Ambas, madre e hija, iban uniformadas con vestidos negros y procedían de
Balsicas, población donde había nacido Dolores y en la que se le había dado
sepultura. No comprendía aquel niño, que jamás tuvo recuerdo de su hermano,
cómo la mujer que le dio la vida desapareció dando paso a aquellas mujeres
decrépitas —aunque su tía Caridad no hubiese cumplido los veinticinco—, a las
que apenas conocía y cuyos sentimientos hacia él parecían ser una carga más
que de la propia satisfacción que supondría la atención de un familiar.

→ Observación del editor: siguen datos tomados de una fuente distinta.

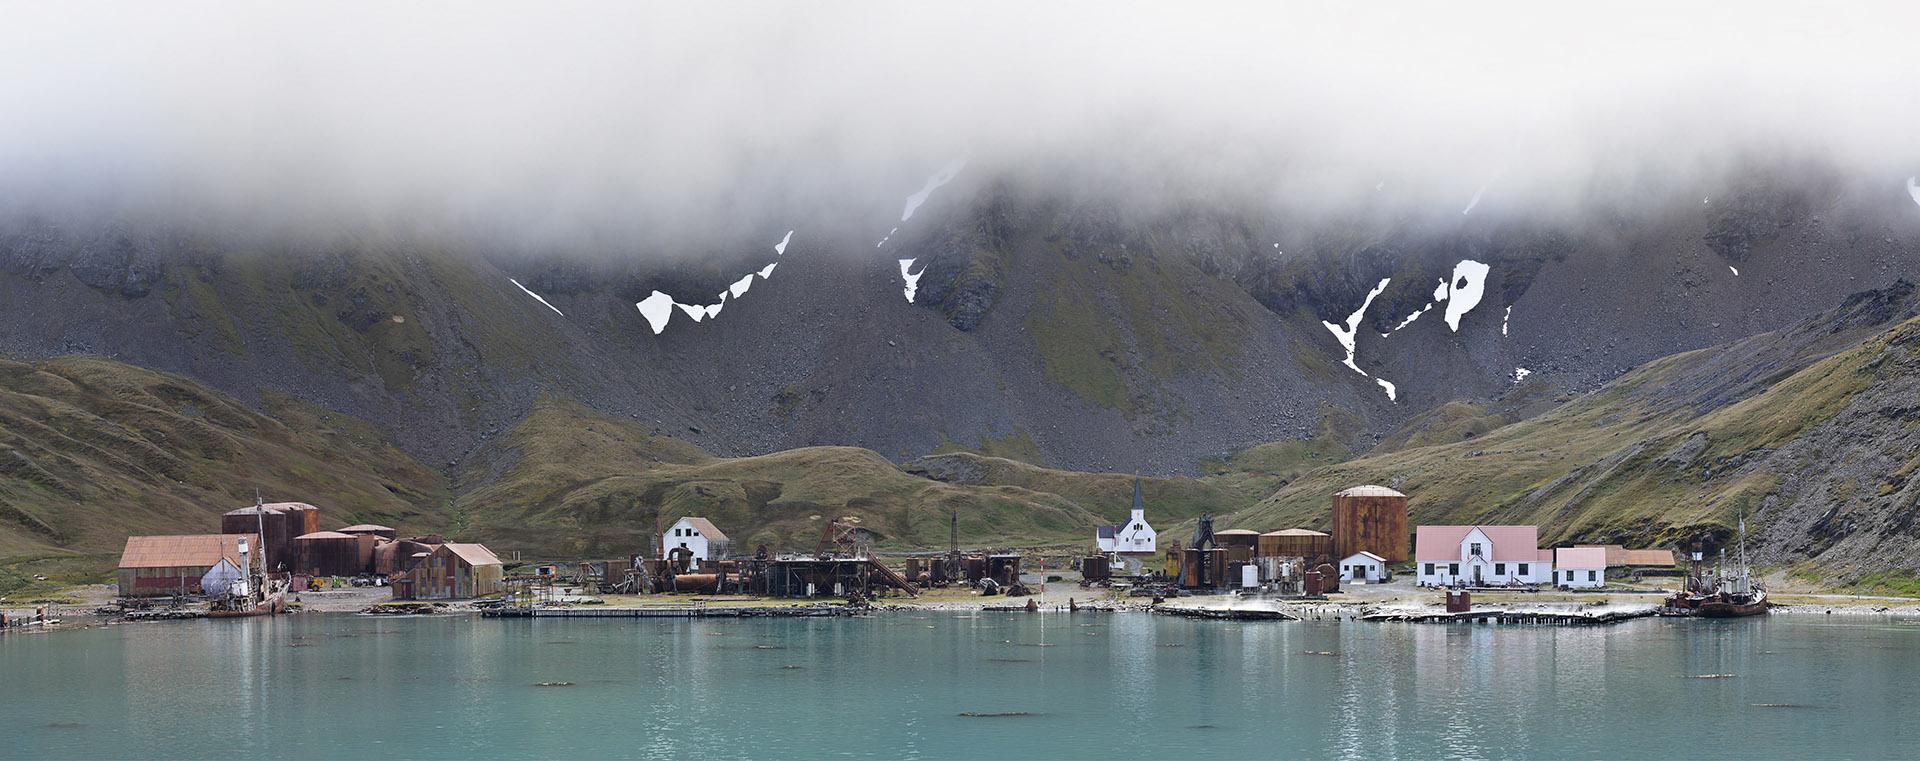 Grytviken, South Georgia<br/>

Cierto día, jugando al fútbol en el recreo,
propinó un puntapié a la pelota con tan mala fortuna que vino a dar en los
testículos de un contrincante de su misma clase. El compañero quedó encorvado
por el dolor, y antes de que el causante del balonazo se acercara a
disculparse, se incorporó maldiciendo: «Eres un hijo de puta». El pequeño
Andrés, al que a sus espaldas llamaban «el Huérfano», se lanzó contra el niño atizando
patadas y puñetazos con furia hasta que varios estudiantes lo redujeron. A la
salida del colegio, un tal Lorenzo Ramírez, hermano mayor del agredido, conocido
con el apodo de «el Funerario», esperó las instrucciones del pequeño, escoltado
por media docena de chavales de su misma edad.
—¡Este es Rosique! —acusó con el dedo el
hermano menor.
Nuestro protagonista no pudo hacer otra cosa
que usar sus brazos como escudo, acuclillarse y esperar a que aquella tropa de
adolescentes, dos cursos mayores que él, terminaran de pegarle ante un enorme
corro de alumnos que observaron expectantes aquella paliza como postre a su
aburrida jornada lectiva. Esperó despierto a que su padre llegara, cerca de las
once. Lacrimoso, trató de contarle lo sucedido implorando venganza ante aquella
humillación sufrida. Pepe, lejos de consolarle, le interrumpió aludiendo que
«las cosas de niños se resuelven entre niños» concluyendo:
—Hijo, la próxima vez te defiendes, no
querrás que vaya a hablar con tus profesores con todo lo que tengo que hacer.
Cuando hagas la mili no podré estar yo para defenderte ni para hablar con tus
superiores. La vida es dura, así que ve aprendiendo que yo a tu edad fumaba y
me iba de putas.
A sus diez años decidió que nunca más
volvería a llorar delante de su padre.